Iceberg supports bucketing as hidden partitions, therefore use the partitioned_by config to add specific bucketing conditions.

Iceberg supports several table formats for data : PARQUET, AVRO and ORC.

It is possible to use iceberg in an incremental fashion, specifically 2 strategies are supported:

  • append: new records are appended to the table, this can lead to duplicates
  • merge: must be used in combination with unique_key and it's only available with Engine version 3. It performs an upsert, new record are added, and record already existing are updated

High available table materialization

The current implementation of the table materialization can lead to downtime, as target table is dropped and re-created. To have the less destructive behavior it's possible to use table='table_hive_ha' materialization. table_hive_ha leverage the table versions feature of glue catalog, creating a tmp table and swapping the target table to the location of the tmp table. This materialization is only available for table_type=hive and requires using unique locations.

{{ config(
    materialized='table_hive_ha',
    format='parquet',
    partition_by=['status'],
    s3_data_naming='table_unique'
) }}

select
  'a' as user_id,
  'pi' as user_name,
  'active' as status
union all
select
  'b' as user_id,
  'sh' as user_name,
  'disabled' as status

By default, the materialization keeps the last 4 table versions, you can change it that setting versions_to_keep.

Known issues

  • When swapping from a table with partitions to a table without (and the other way around), there could be a little downtime. In case high performances are needed consider bucketing instead of partitions
  • By default, Glue "duplicate" the versions internally, so the last 2 versions of a table point to the same location
  • It's recommended to have versions_to_keep>= 4, as this will avoid to have the older location removed
  • The macro athena__end_of_time needs to be overwritten by the user if using Athena v3 since it requires a precision parameter for timestamps

Snapshots

The adapter supports snapshot materialization. It supports both timestamp and check strategy. To create a snapshot create a snapshot file in the snapshots directory. If directory does not exist create one.

Timestamp strategy

To use the timestamp strategy refer to the dbt docs

Check strategy

To use the check strategy refer to the dbt docs

Hard-deletes

The materialization also supports invalidating hard deletes.
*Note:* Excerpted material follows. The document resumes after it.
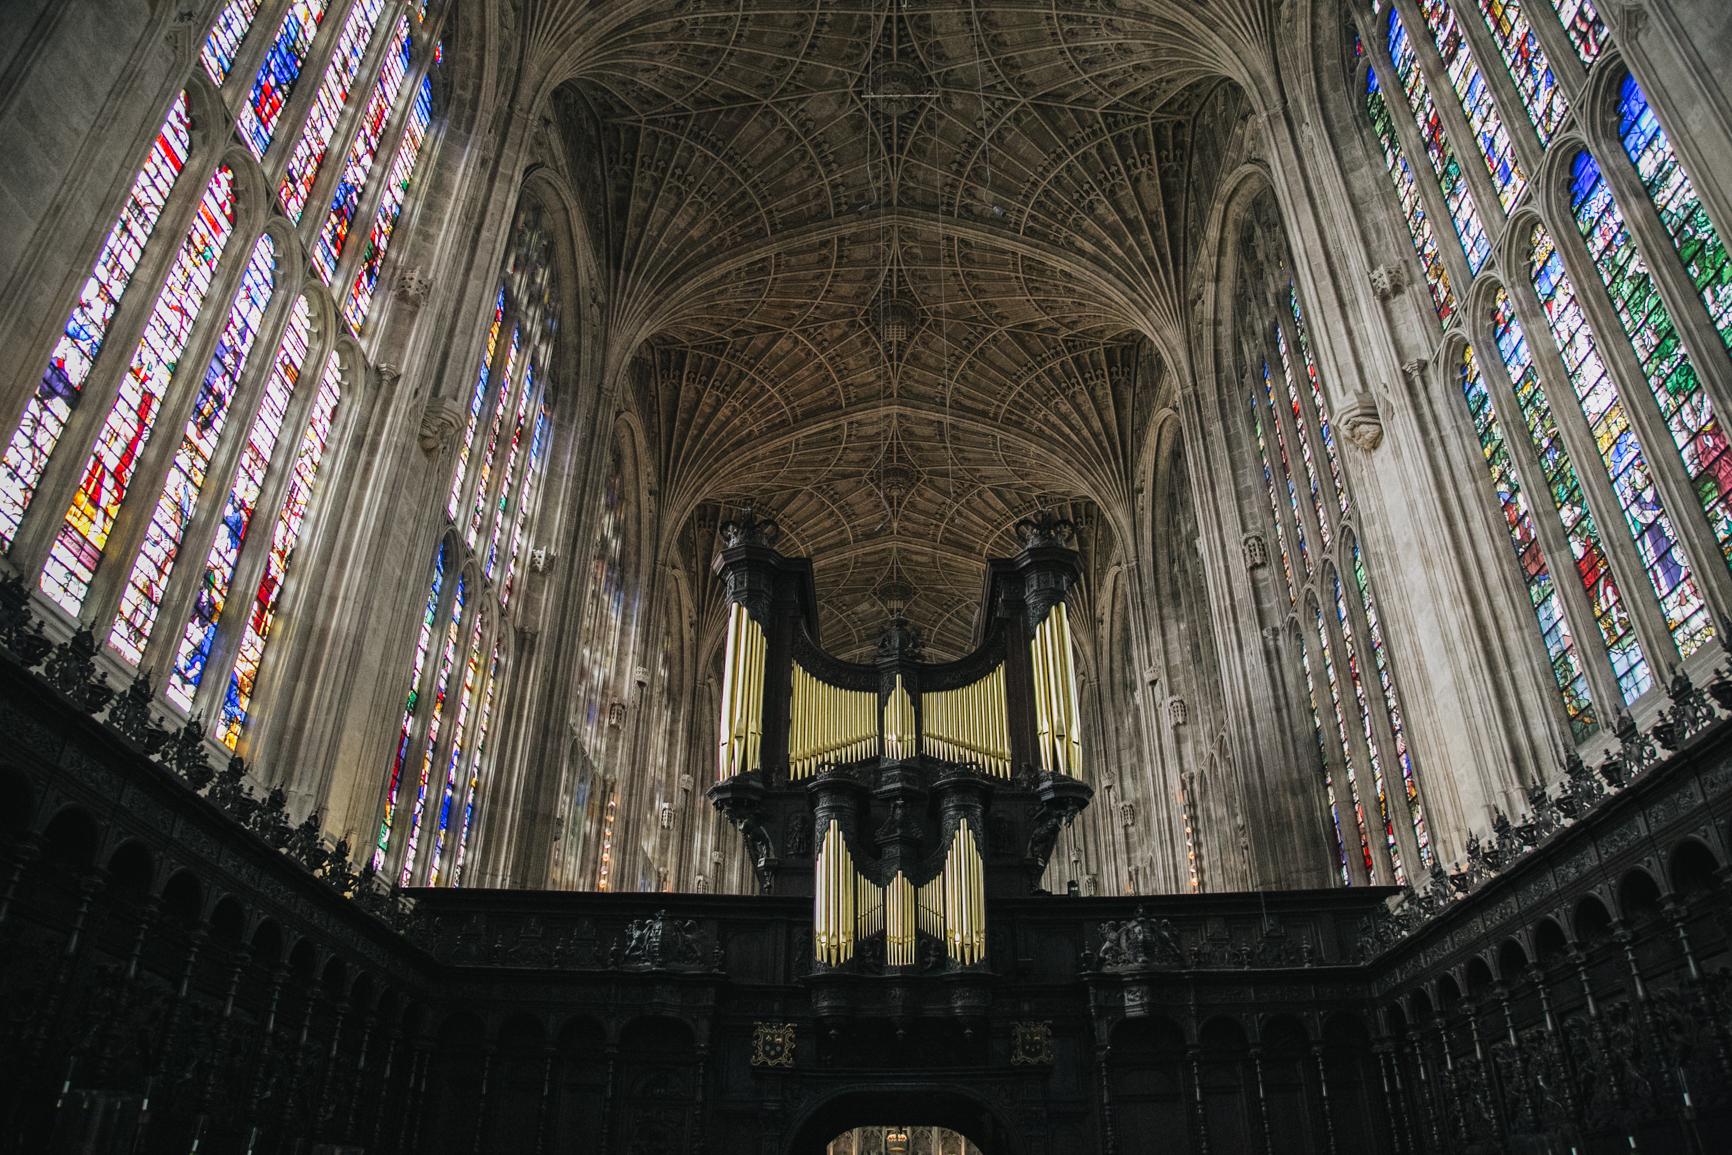 Kings-college-universite-cambridge-chapelle-orgue.jpg

Check the docs to understand usage.

Working example

seed file - employent_indicators_november_2022_csv_tables.csv

Series_reference,Period,Data_value,Suppressed
MEIM.S1WA,1999.04,80267,
MEIM.S1WA,1999.05,70803,
MEIM.S1WA,1999.06,65792,
MEIM.S1WA,1999.07,66194,
MEIM.S1WA,1999.08,67259,
MEIM.S1WA,1999.09,69691,
MEIM.S1WA,1999.1,72475,
MEIM.S1WA,1999.11,79263,
MEIM.S1WA,1999.12,86540,
MEIM.S1WA,2000.01,82552,
MEIM.S1WA,2000.02,81709,
MEIM.S1WA,2000.03,84126,
MEIM.S1WA,2000.04,77089,
MEIM.S1WA,2000.05,73811,
MEIM.S1WA,2000.06,70070,
MEIM.S1WA,2000.07,69873,
MEIM.S1WA,2000.08,71468,
MEIM.S1WA,2000.09,72462,
MEIM.S1WA,2000.1,74897,

model.sql

{{ config(
    materialized='table'
) }}

SELECT
    ROW_NUMBER() OVER () AS id
    , *
    , cast(from_unixtime(to_unixtime(now())) as timestamp(6)) AS refresh_timestamp
FROM {{ ref('employment_indicators_november_2022_csv_tables') }}

timestamp strategy - model_snapshot_1

{% snapshot model_snapshot_1 %}

{{
    config(
      strategy='timestamp',
      updated_at='refresh_timestamp',
      unique_key='id'
    )
}}

SELECT *

from {{ ref('model') }}

{% endsnapshot %}

invalidate hard deletes - model_snapshot_2

{% snapshot model_snapshot_2 %}

{{
    config
    (
        unique_key='id',
        strategy='timestamp',
        updated_at='refresh_timestamp',
        invalidate_hard_deletes=True,
    )
}}
SELECT * from {{ ref('model') }}

{% endsnapshot %}

check strategy - model_snapshot_3

{% snapshot model_snapshot_3 %}

{{
    config
    (
        unique_key='id',
        strategy='check',
        check_cols=['series_reference','data_value']
    )
}}
SELECT * from {{ ref('model') }}

{% endsnapshot %}

Known issues

  • Incremental Iceberg models - Sync all columns on schema change can't remove columns used as partitioning. The only way, from a dbt perspective, is to do a full-refresh of the incremental model.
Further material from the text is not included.